Parmi les diverses méthodes, citons l’afforestation/reforestation, la restauration des terres et la séquestration de carbone dans les sols (notamment agricoles), la bioénergie associée au captage et stockage du carbone (BECCS, selon l’acronyme anglais), ou encore le captage direct du CO2 de l’air avant stockage (DACCS).

Selon les efforts d’atténuation

Sans surprise, plus l’atténuation sera lente, plus la teneur atmosphérique en CO2 s’élèvera, plus les besoins en émissions négatives s’accroîtront pour aplatir l’’overshoot’.  C’est ce qui ressort des 4 scénarios testés par le Giec: dans celui, extrême mais actuellement le plus réaliste, d’un ‘overshoot’ élevé, le BECCS devrait ainsi pomper 1.191 GtCO2 au cours du siècle.

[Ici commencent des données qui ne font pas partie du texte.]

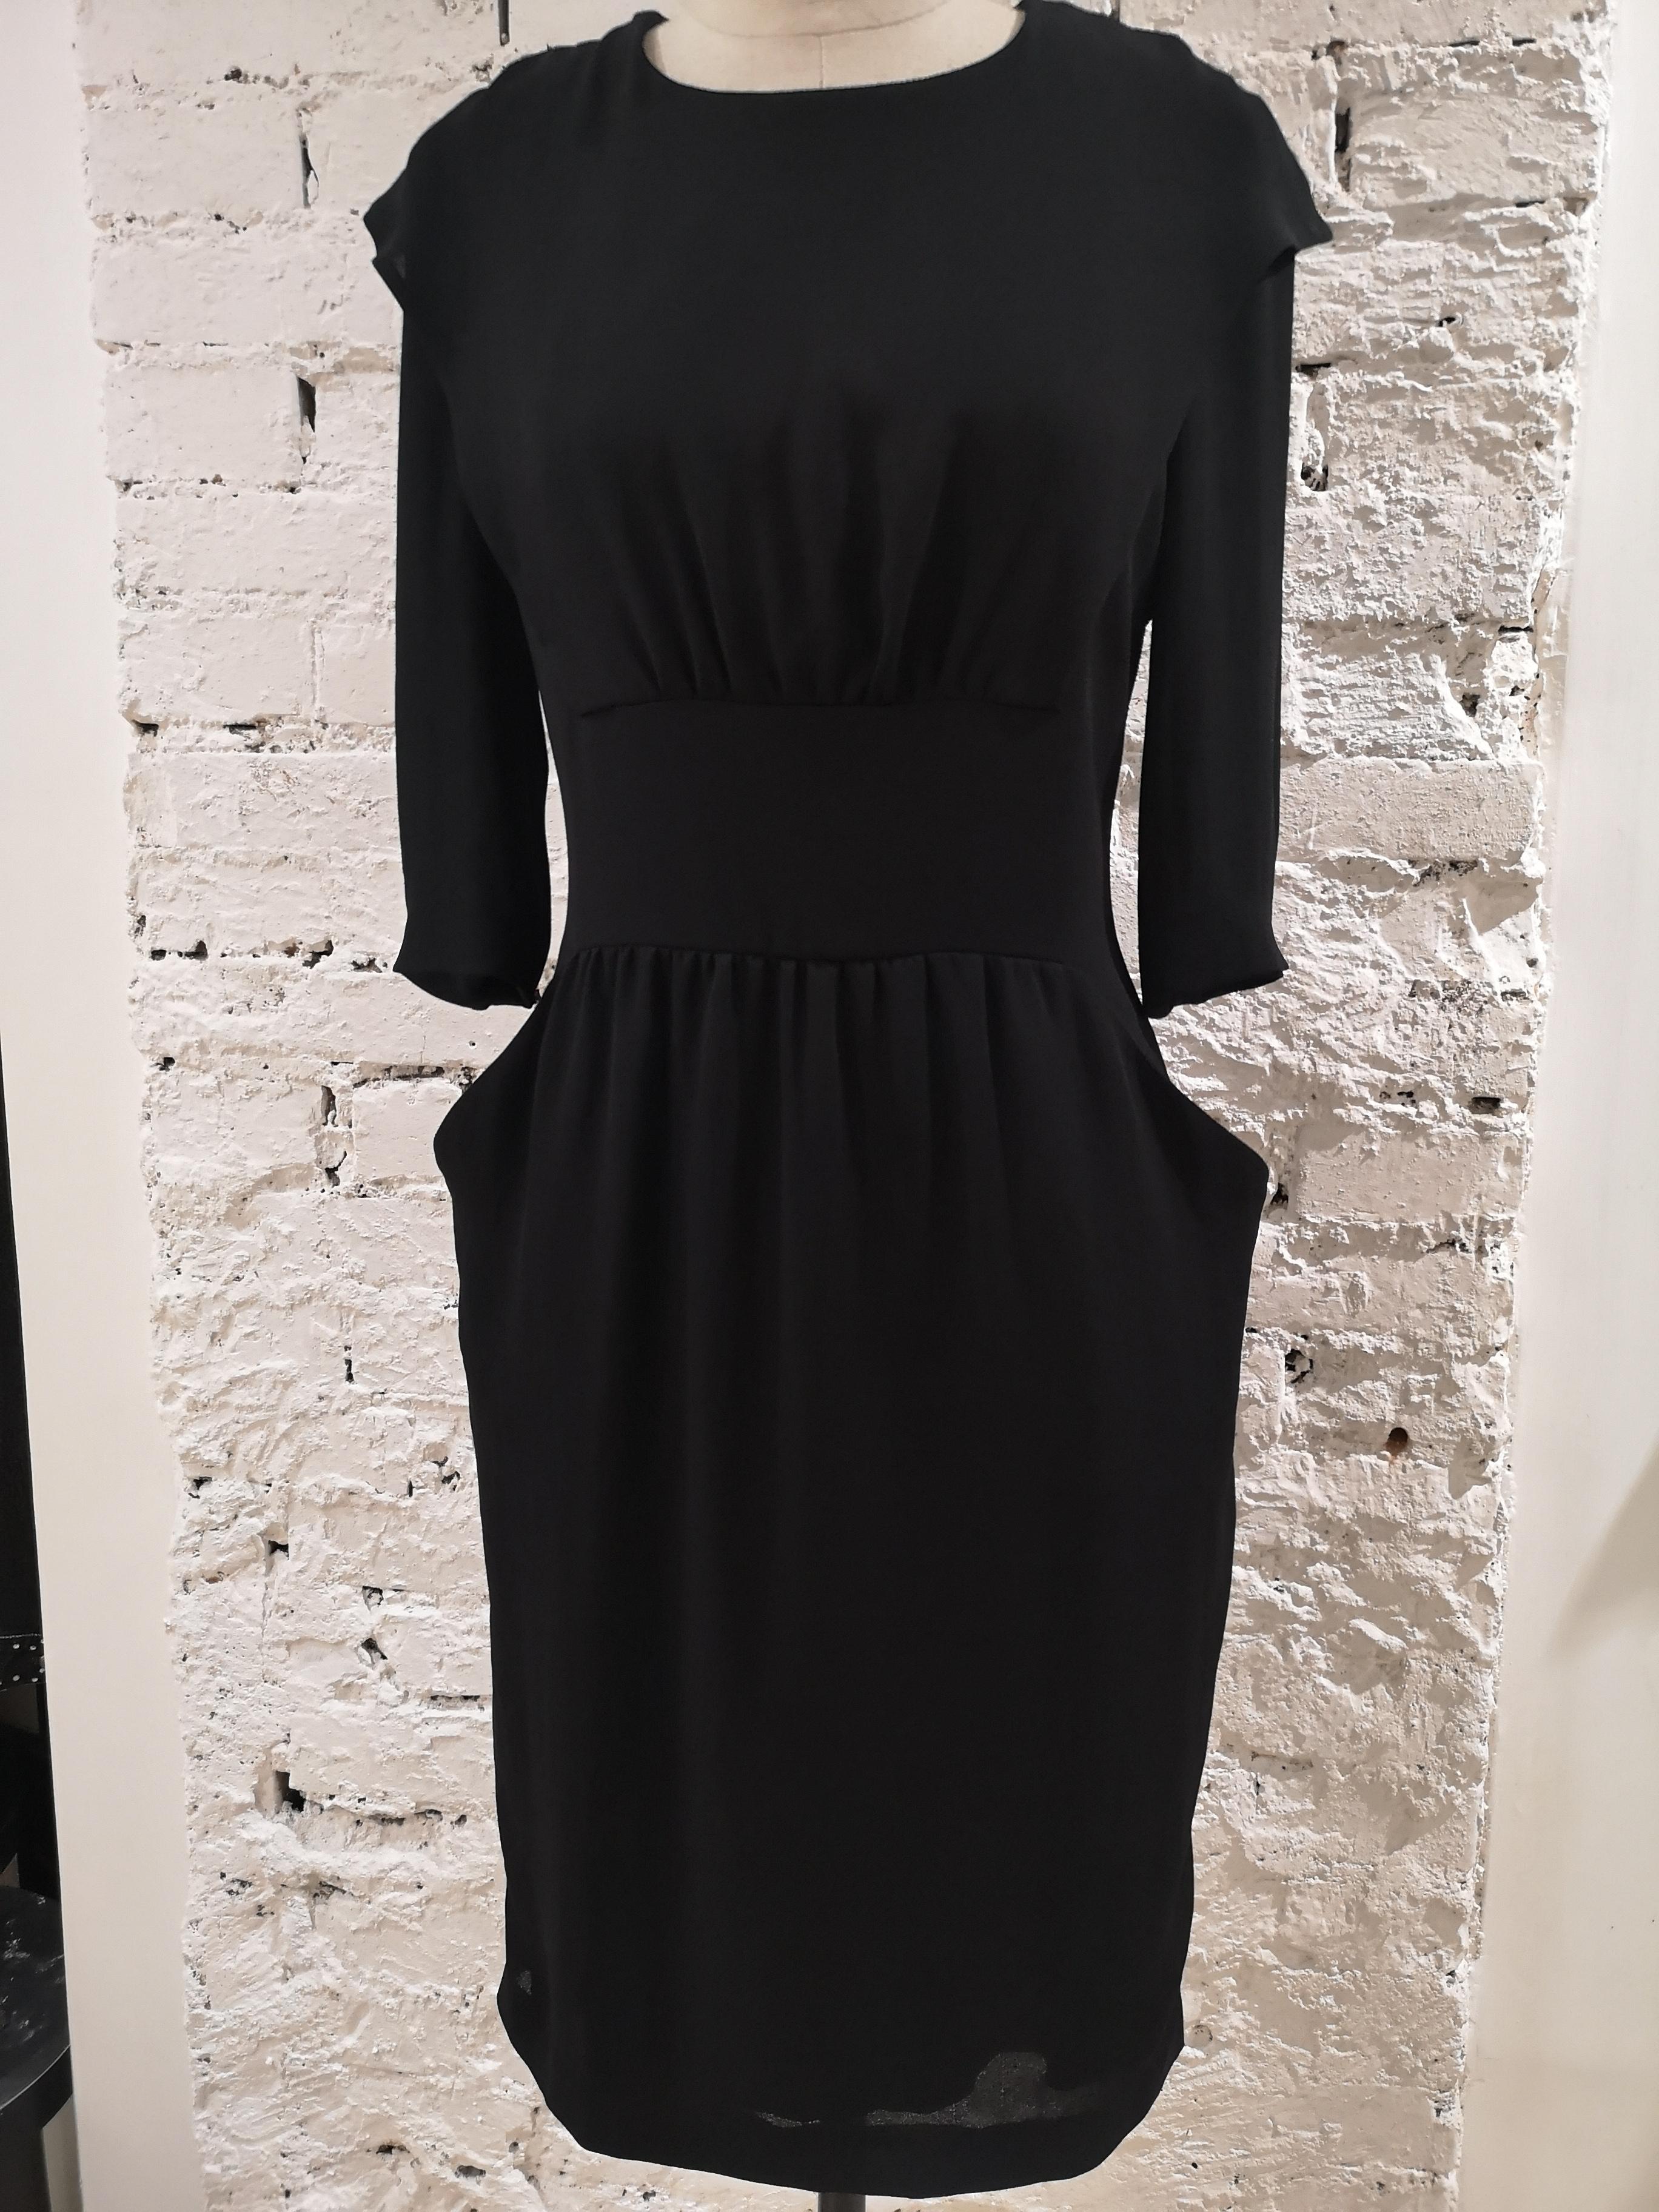 Women's Prada black dress

Or même en compensant tardivement par de fortes émissions négatives, le climat ne serait pas sauvé pour autant: le fait d’avoir atteint un ‘overshoot’ important pourrait «déclencher des cycles incontrôlables», comme un emballement de la fonte du pergélisol, indique Henri Waisman, coordinateur du programme climat de l’Institut du développement durable et des relations internationales (Iddri) et expert du Giec, contacté par le JDLE.

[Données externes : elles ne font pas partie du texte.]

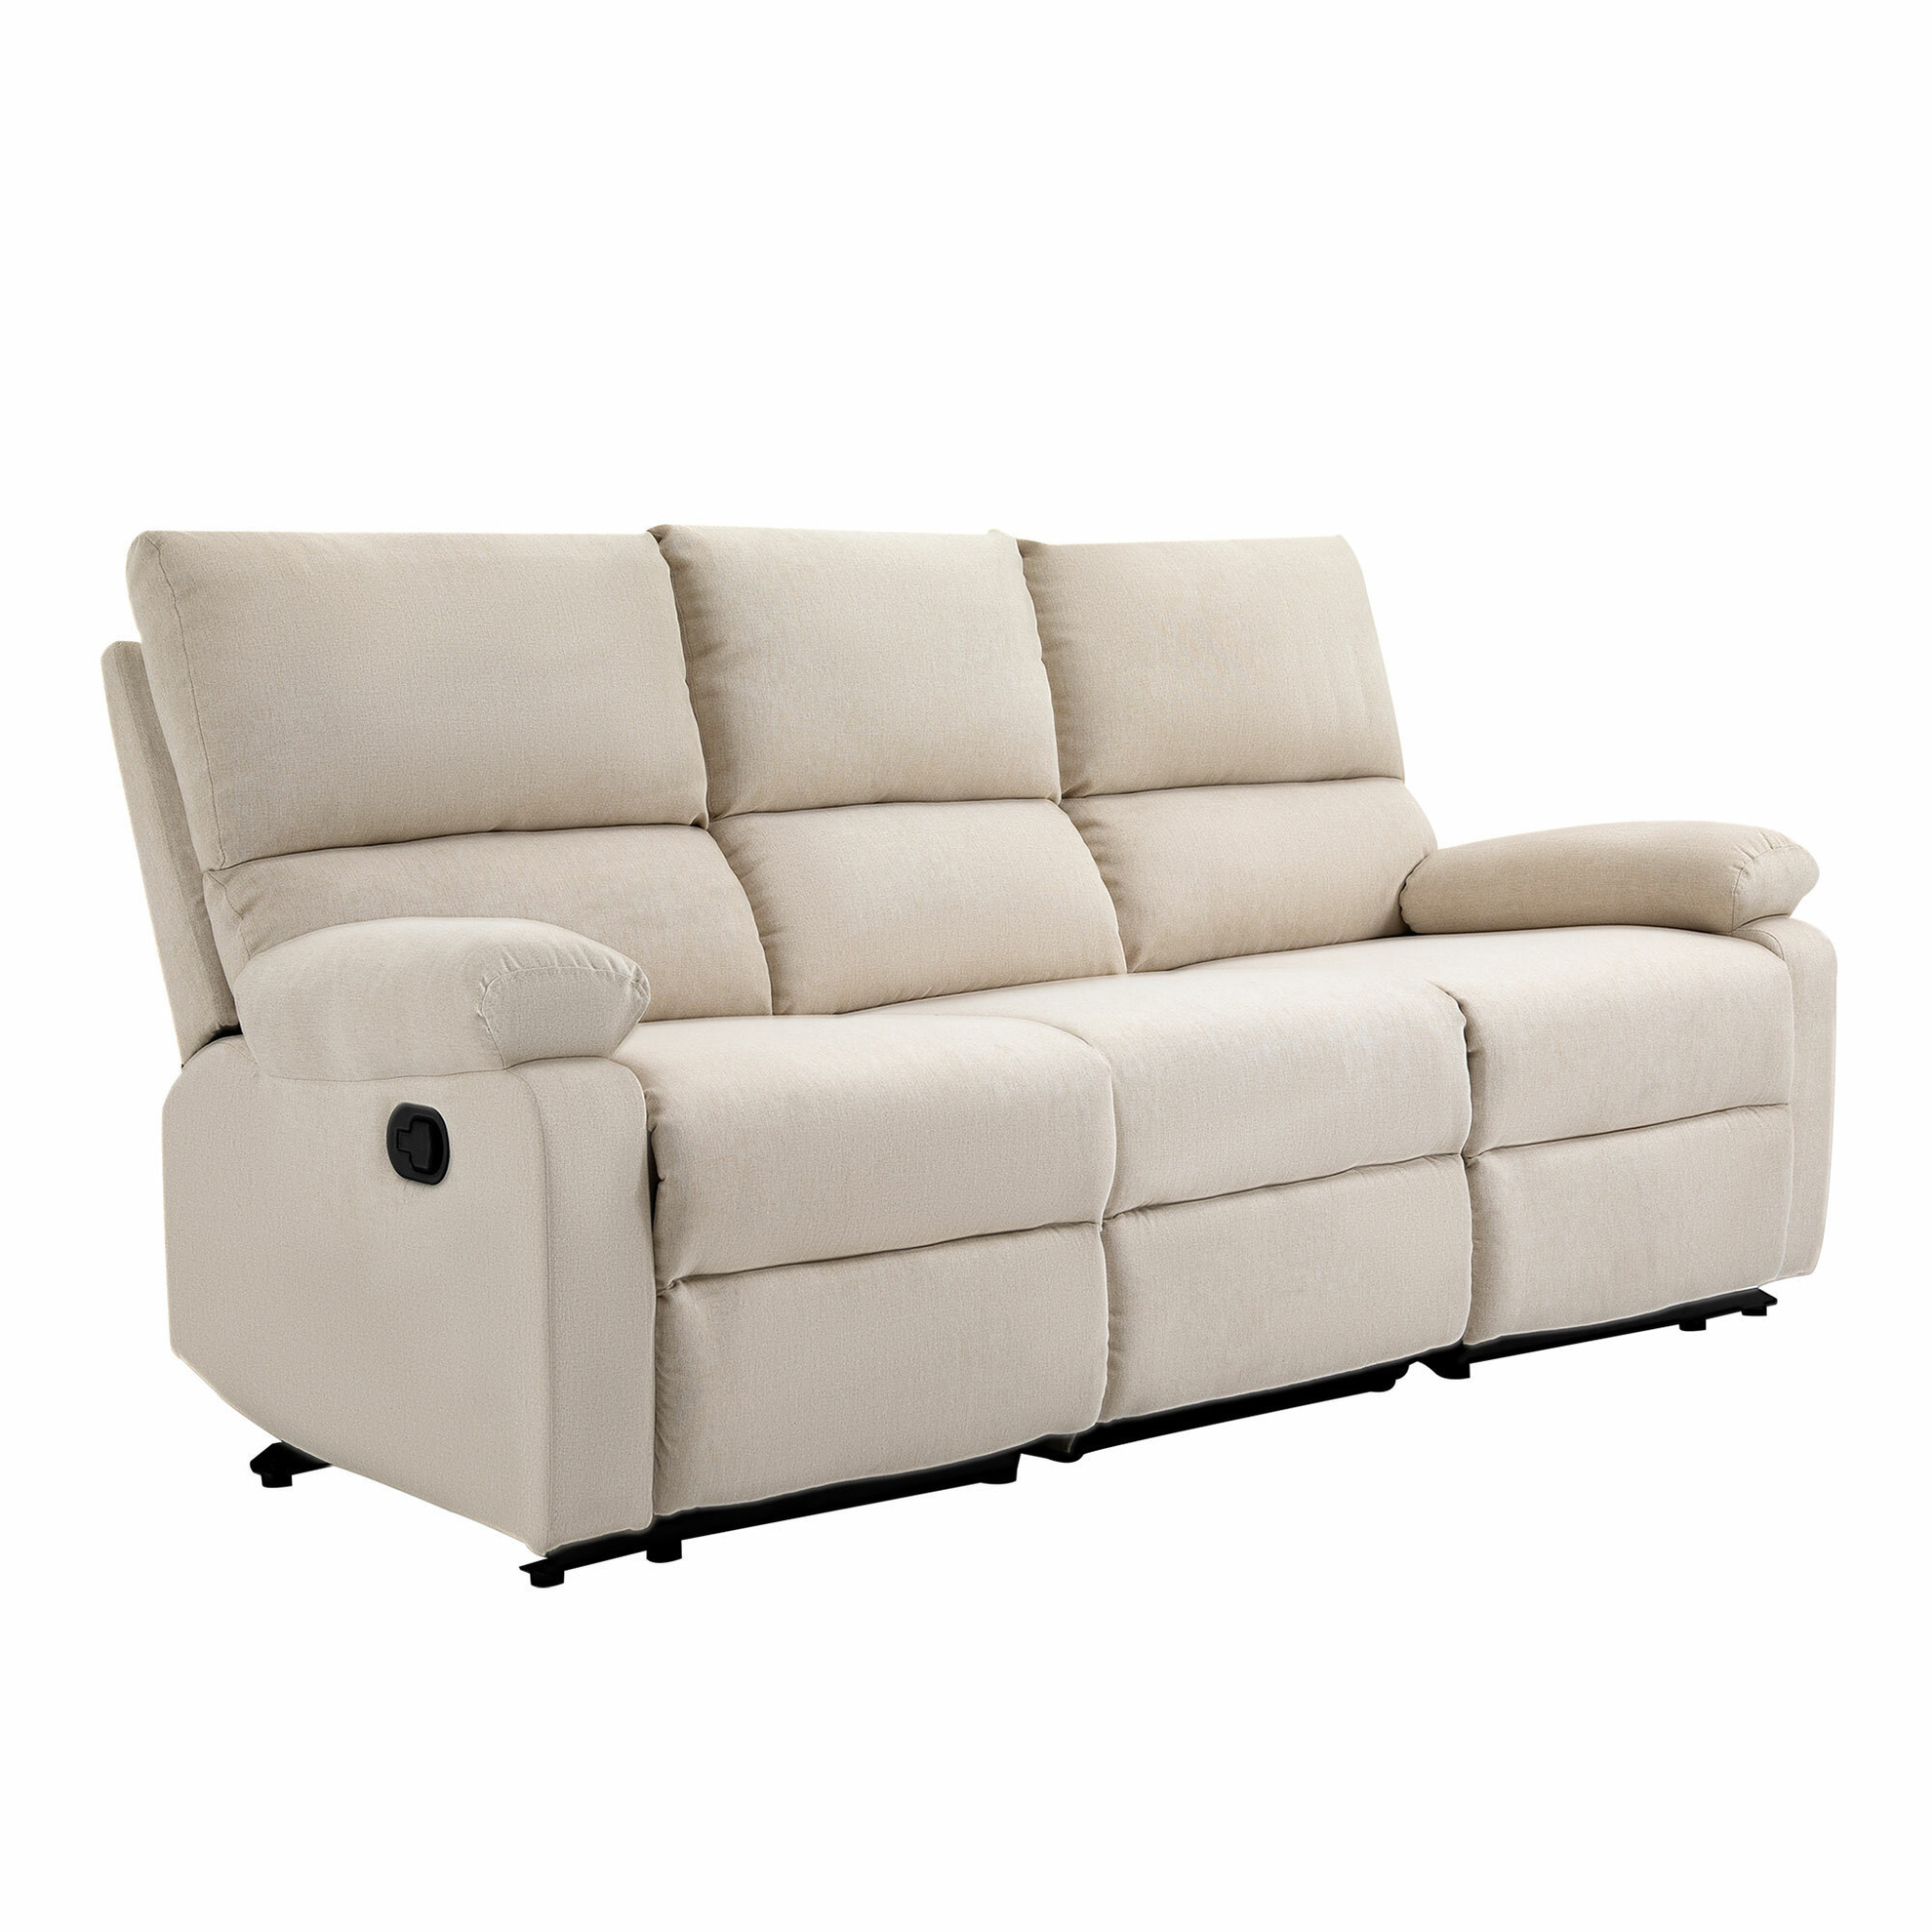 3-Sitzer-Sofa mit Liegefunktion jetzt bei Weltbild.de bestellen

Le recours aux émissions négatives dépend au final de l’atténuation: dans le scénario le plus ambitieux, celui d’une baisse de 58% des émissions en 2030 par rapport à 2010, le BECCS pourrait même ne plus être nécessaire.

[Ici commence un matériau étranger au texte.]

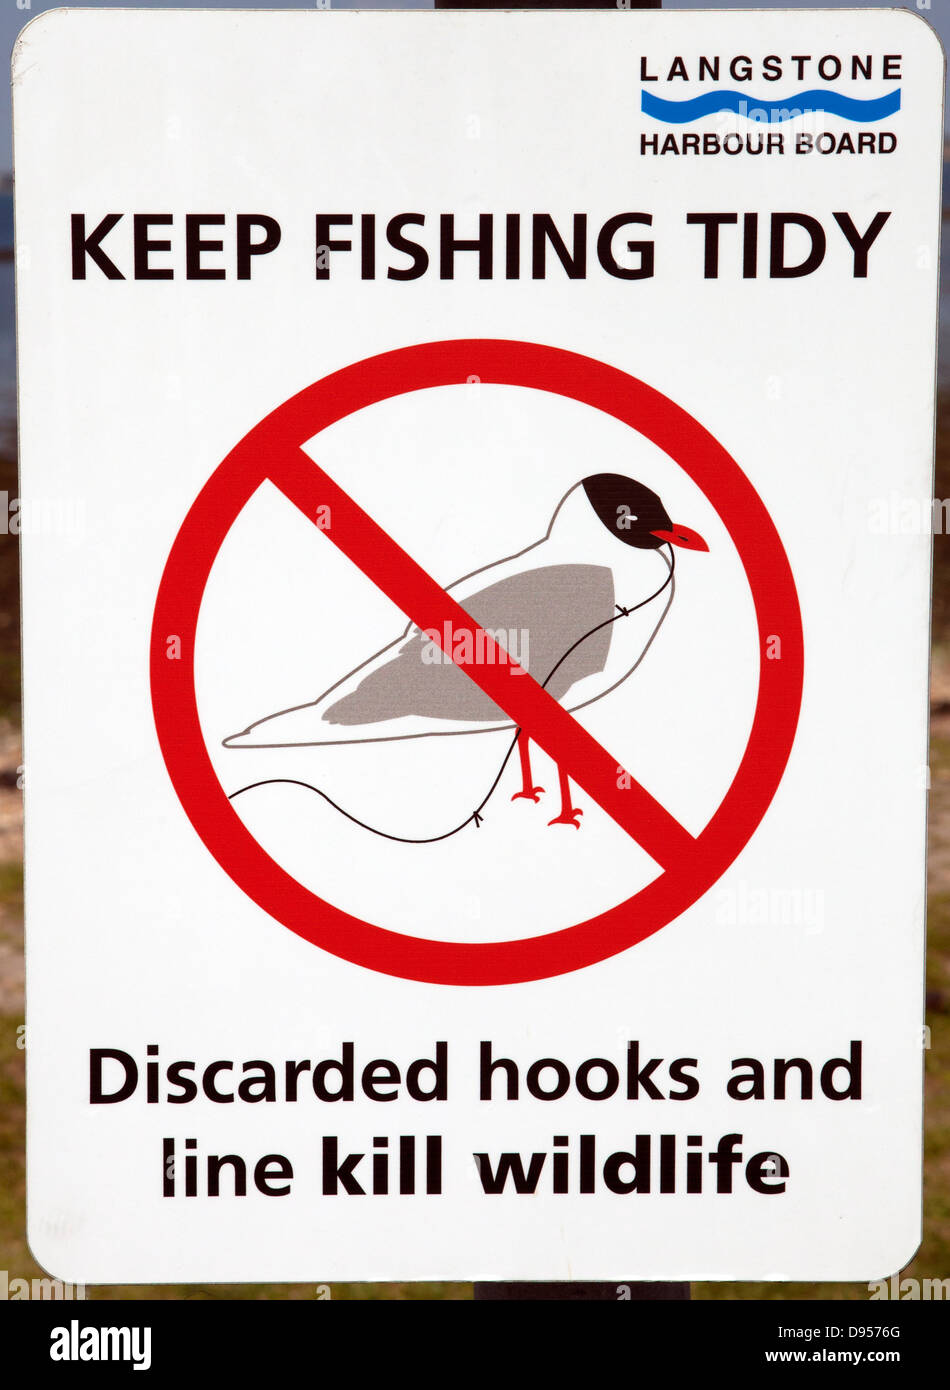 Pêche à garder propre, le port de signes Langstone Hayling Island, Hampshire, Royaume-Uni Banque D'Images

De nombreuses incertitudes

Pour Henri Waisman, «on ne peut avoir que des doutes scientifiques sur ces solutions. Elles n’existent pas encore à l’échelle dont nous parlons, et la BECCS pose tout un tas de problèmes, notamment en termes d’usage des sols. Mais plus on accélèrera nos actions à court terme, moins on aura besoin de ces solutions», ajoute-t-il.

Encore plus hypothétique, la géo-ingénierie n’a pas eu droit aux honneurs du Giec. Celui-ci évoque le cas de la gestion du rayonnement solaire, qui consiste à pulvériser des aérosols en altitude pour limiter l’arrivée des rayons sur la surface terrestre: elle pourrait être «théoriquement efficace pour réduire un overshoot, mais il existe de grandes incertitudes et un manque de connaissance. Elle pourrait aussi poser des risques importants, et pâtir de freins institutionnels et sociaux à son déploiement, en raison de problèmes de gouvernance, d’éthique et de développement durable», estime le Giec. Sans oublier ses possibles impacts sur d’autres aspects environnementaux, dont la biodiversité, ou sur la santé humaine.